Жив провел ладонью по лицу, протер глаза, словно стряхивая грезы, пробуждаясь. Да, она, его любимая, думала точно так же как он, она желала того же. Но мало желать чего-то… Погоня будет! Наверняка, уже есть. Надо спешить. Иначе вечность может оказаться слишком короткой.
— Я люблю тебя! — выдохнул он в нежное розовое ушко.
И подхватил ее на руки, поднялся в полный рост. Гребцы стали поворачивать головы, приглядываться, с хитрецой, с прищуром, с любопытством, не решаясь вымолвить слова или даже улыбнуться двусмысленно.
— Смотрите! Смотрите все! — выкрикнул Жив громогласно. — Вот любовь моя, лада и жена!
Яра молчала, озирая спокойным синим взглядом лица, множество лиц, бородатых и безбородых, мужских, юношеских, девичьих — некоторые сестры ее сводные уже выбрались на верхнюю палубу, ежились под холодным ветром, кутались в платки. Но ей не было холодно, ей и не могло быть холодно рядом с ним, на его горячей и широкой груди. И пусть они изгои, беглецы, пусть счастье может оказаться недолговечным. Но ради этого мига стоило жить, рисковать, стоило броситься в омут с головой. Он назвал ее своей ладой предо всеми! Открыто, громогласно, истово. И это сильнее любых обрядов, любых венчаний, ибо от души и от сердца, а значит… от Бога. Род Всемилостивый, благослови! Матушка Лада Небесная, защити и укрой покровом своим! Яра молила, чтобы миг этот был нескончаемым — она рядом с ними, и надо всеми! Стало быть, не ошиблась, когда узрела его в первый раз, значит, есть оно — Провидение, и они рождены друг для друга, навсегда… Навсегда! Только вот…
— Она же сестра твоя! — послышался вдруг звонкий выкрик с самого носа струга, с передних скамей.
Кричал Талан, рыжебородый и зеленоглазый, не в мать Зареву, а в батюшку своего Крона, кричал старший брат Яры.
— У русов на сестрах не женятся! — поддакнул от мачты Стимир, княжич от покойной Тилиры.
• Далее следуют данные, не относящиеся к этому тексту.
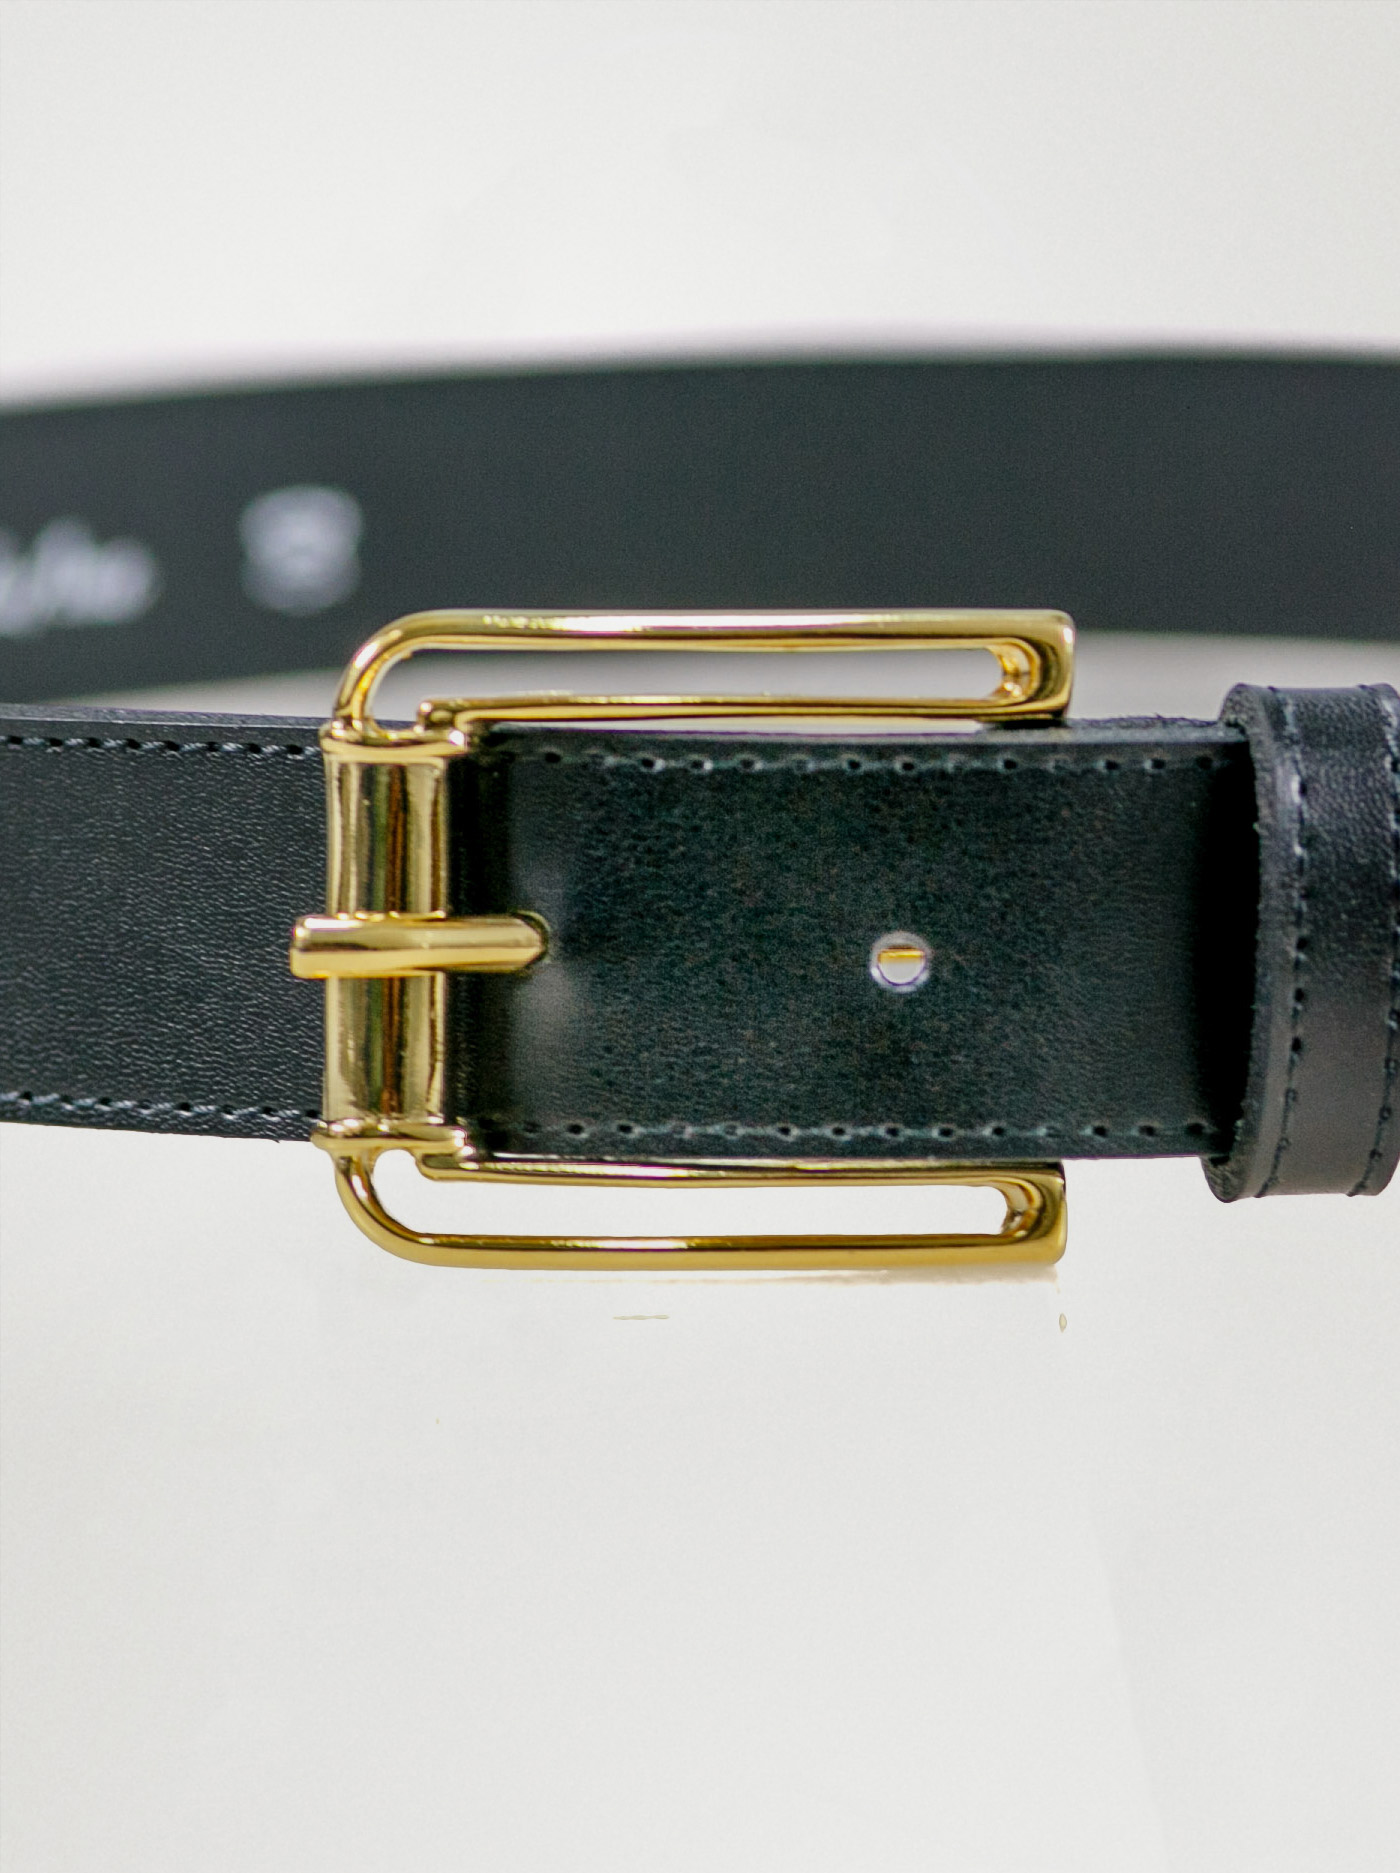 Leather belt image 3

Жив окаменел с прекрасной, драгоценной ношей на руках. Но только на мгновение. Он не мог допустить свары и пересудов, здесь он князь — всевластный и единоправный. Да и не ощущал любимую сестрой своей, не было зова крови общей, может, не врали иные про отца его, а может, Зарева зналась помимо Крона с другими мужами. Было к Яре чувство малое, будто к дочери любимой, крохе родной, которую беречь и лелеять надо пуще зеницы ока… но не сестра!
— Не похоть и сладострастие свели нас! — выкрикнул он так, что на прочих стругах люд к бортам ближним подался. — Но боги всемогущие! От них любовь наша, как и плоть наша!